▶ Data below
- - -

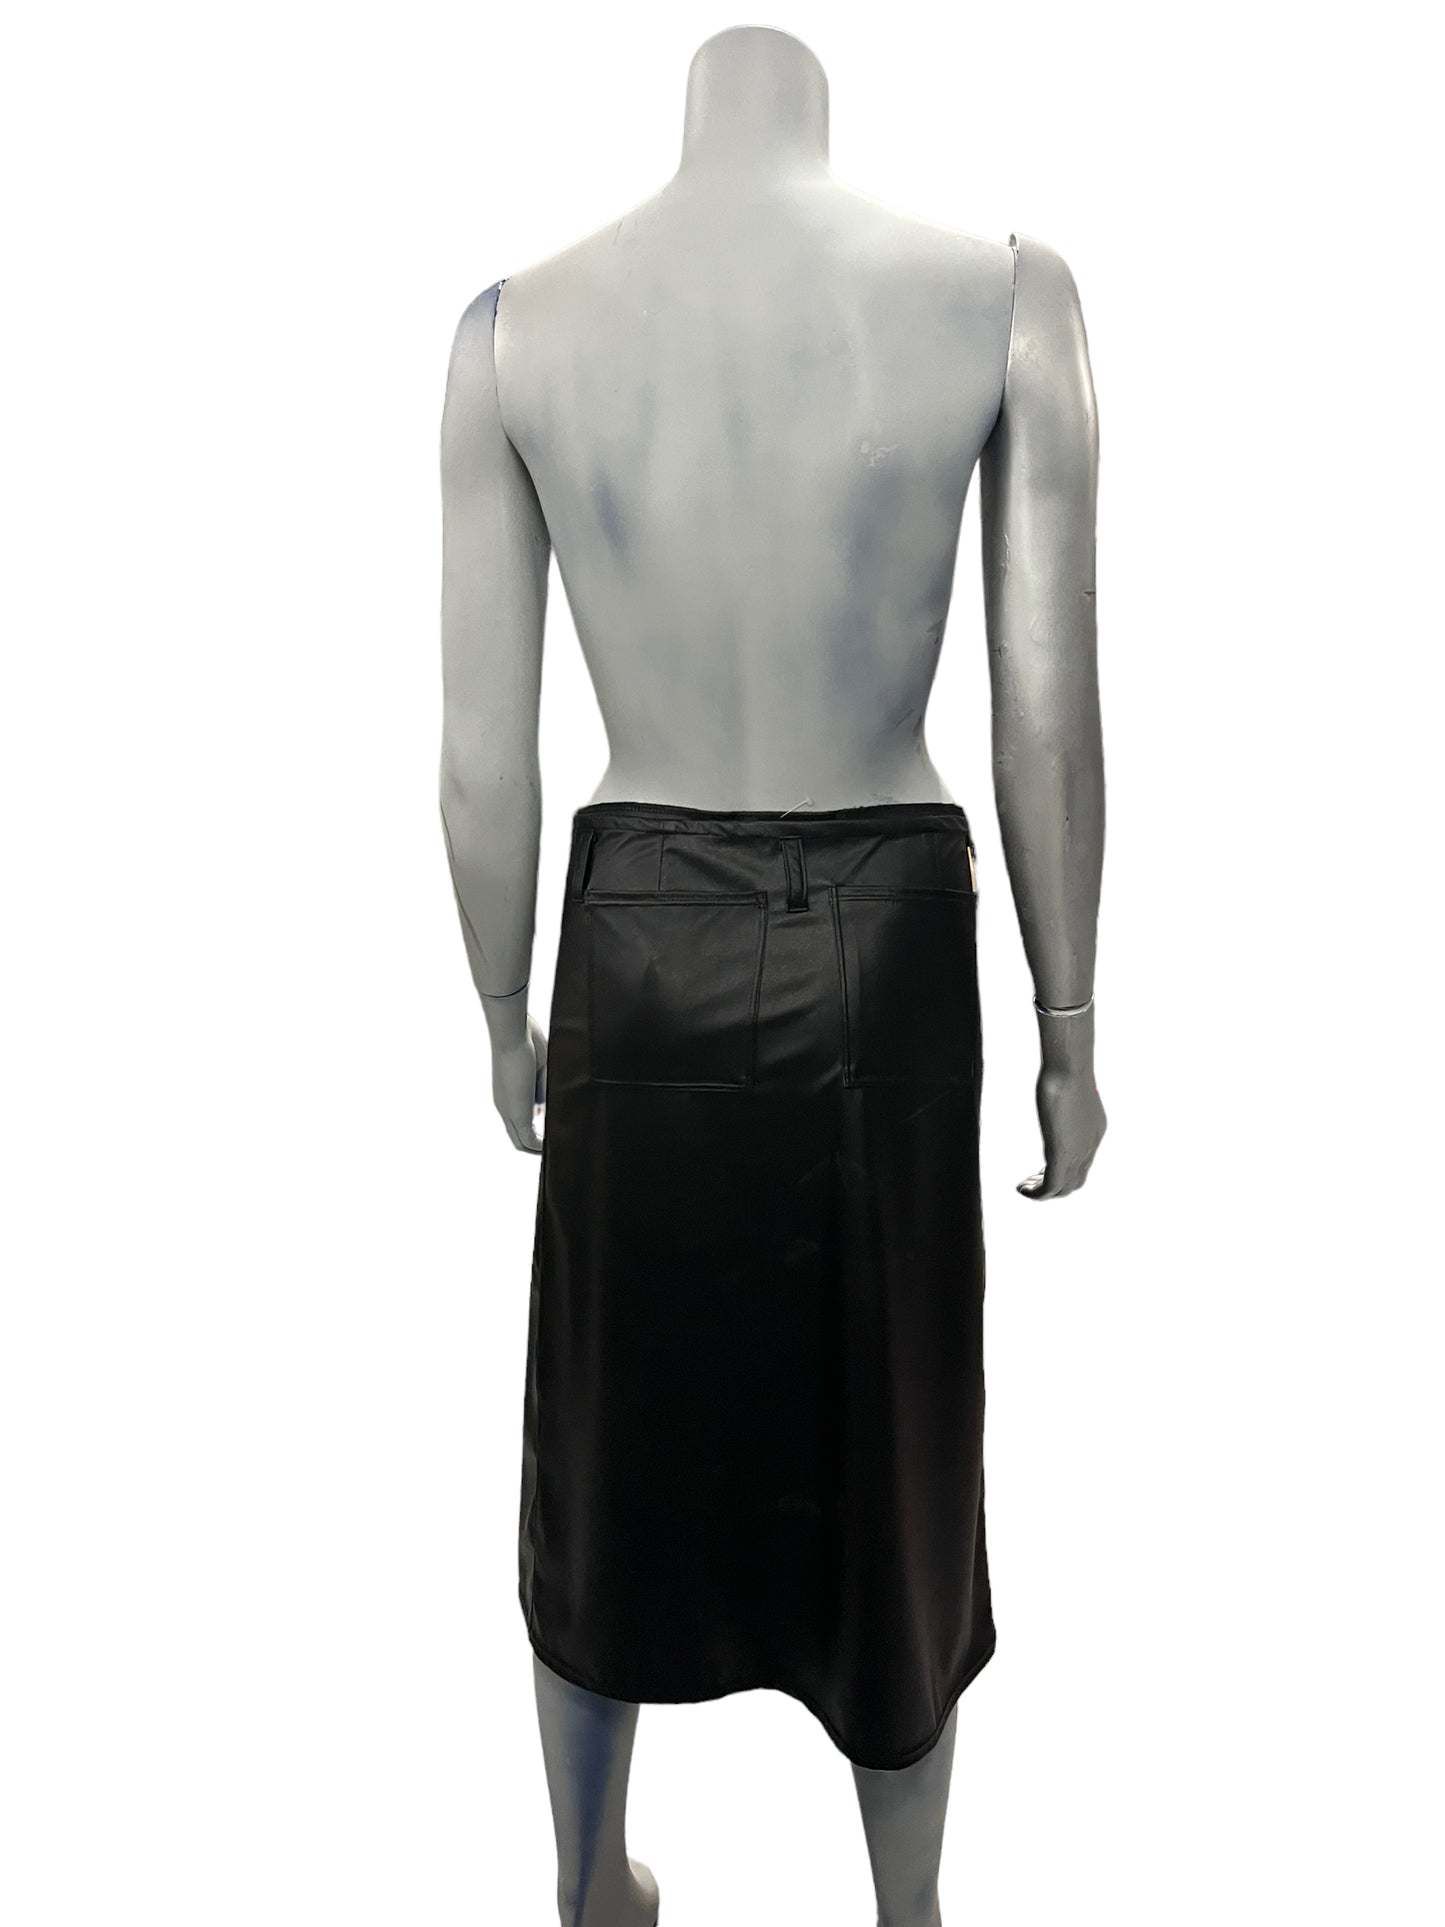 Peter Domenie - LL138 - Provocative Black Skirt - with Belt and Zipper - Size S
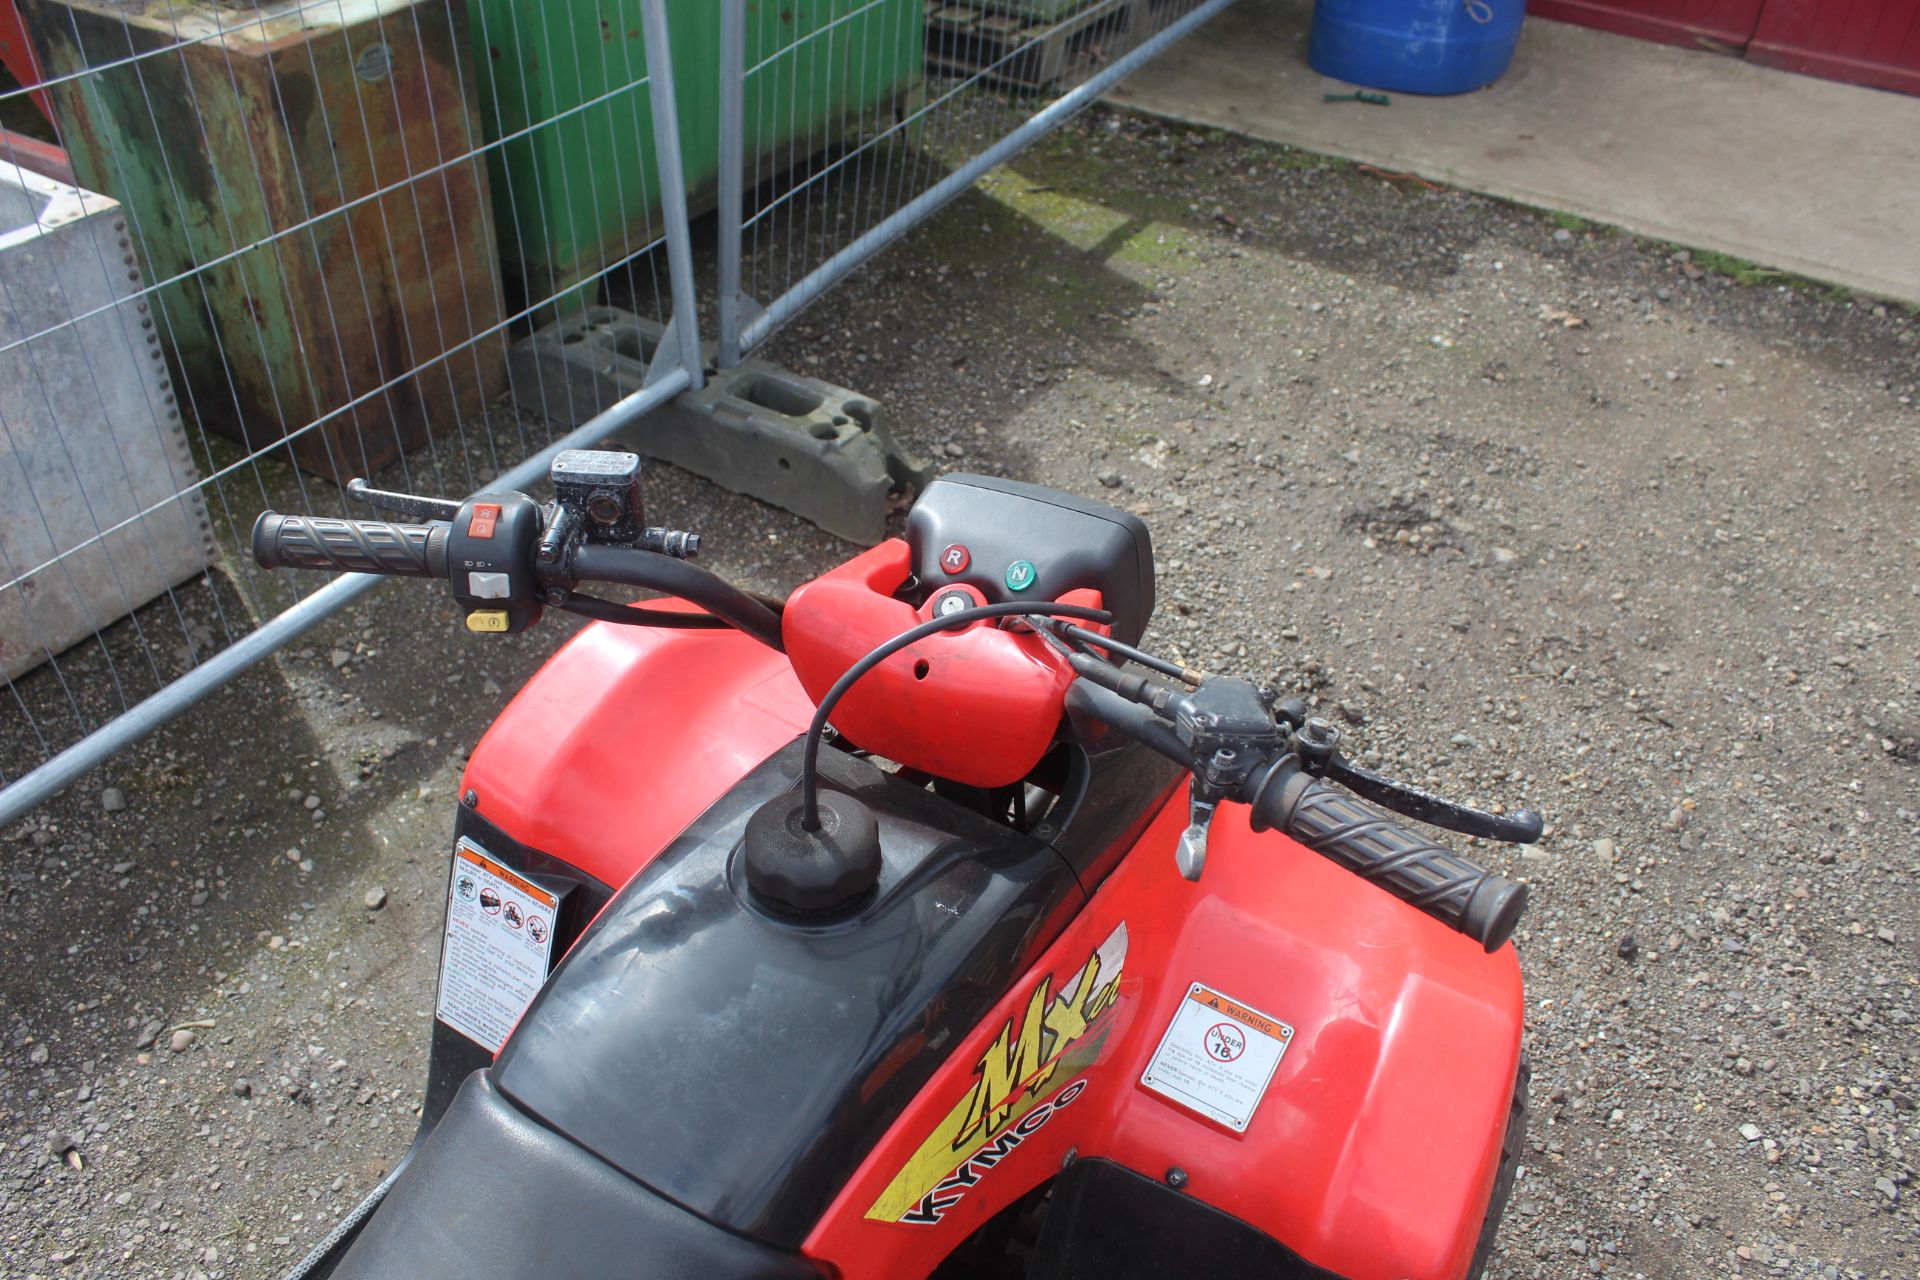 Kymco MX'er 150cc off road ATV. 2004. owned from new. Key, Manual held. - Image 5 of 18
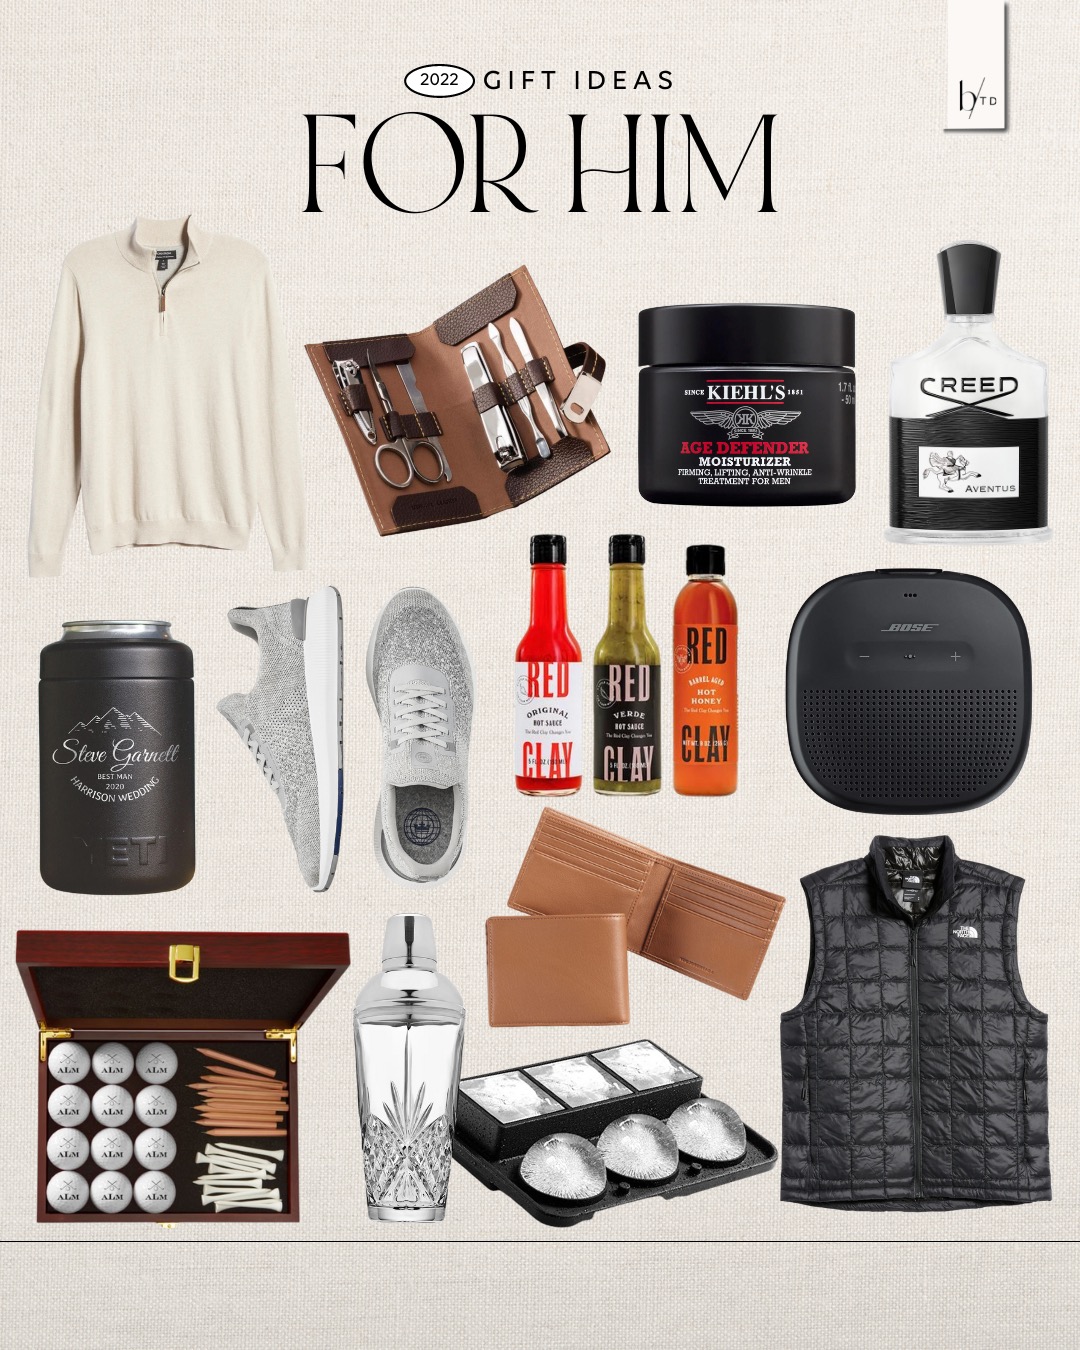 Gift Guide for Men 2022 - A Thoughtful Place
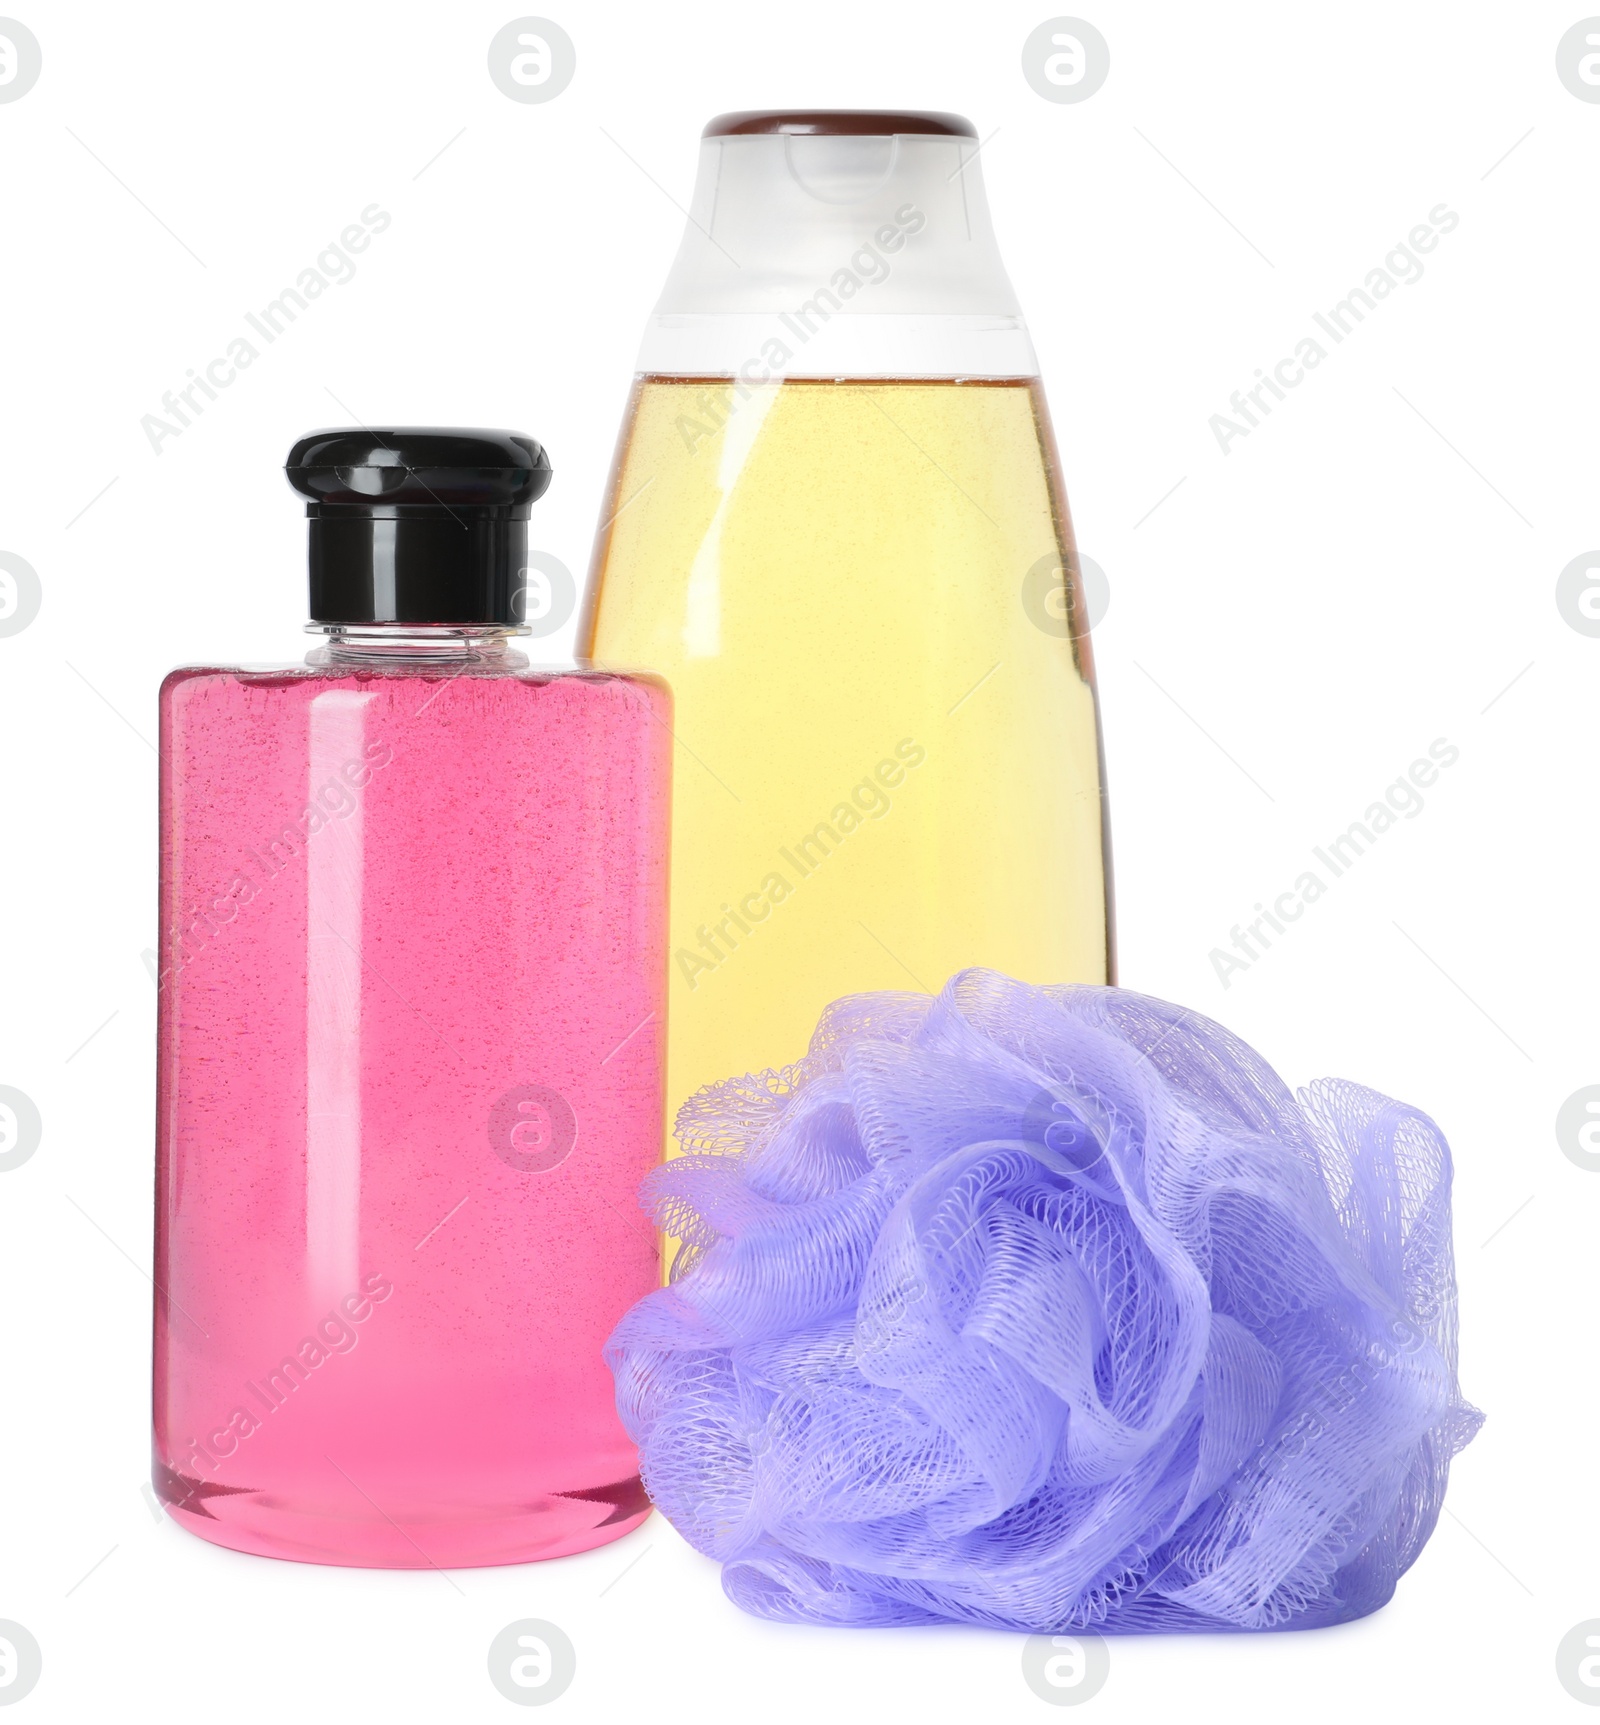 Photo of Personal hygiene products and shower puff on white background

- - -

▶ Exercise details
Could you restate the material word for word, skipping any pictures it holds?

▶ Result of this task
 Peter Domenie - LL138 - Provocative Black Skirt - with Belt and Zipper - Size S
 Kymco MX'er 150cc off road ATV. 2004. owned from new. Key, Manual held. - Image 5 of 18
 Gift Guide for Men 2022 - A Thoughtful Place
 Photo of Personal hygiene products and shower puff on white background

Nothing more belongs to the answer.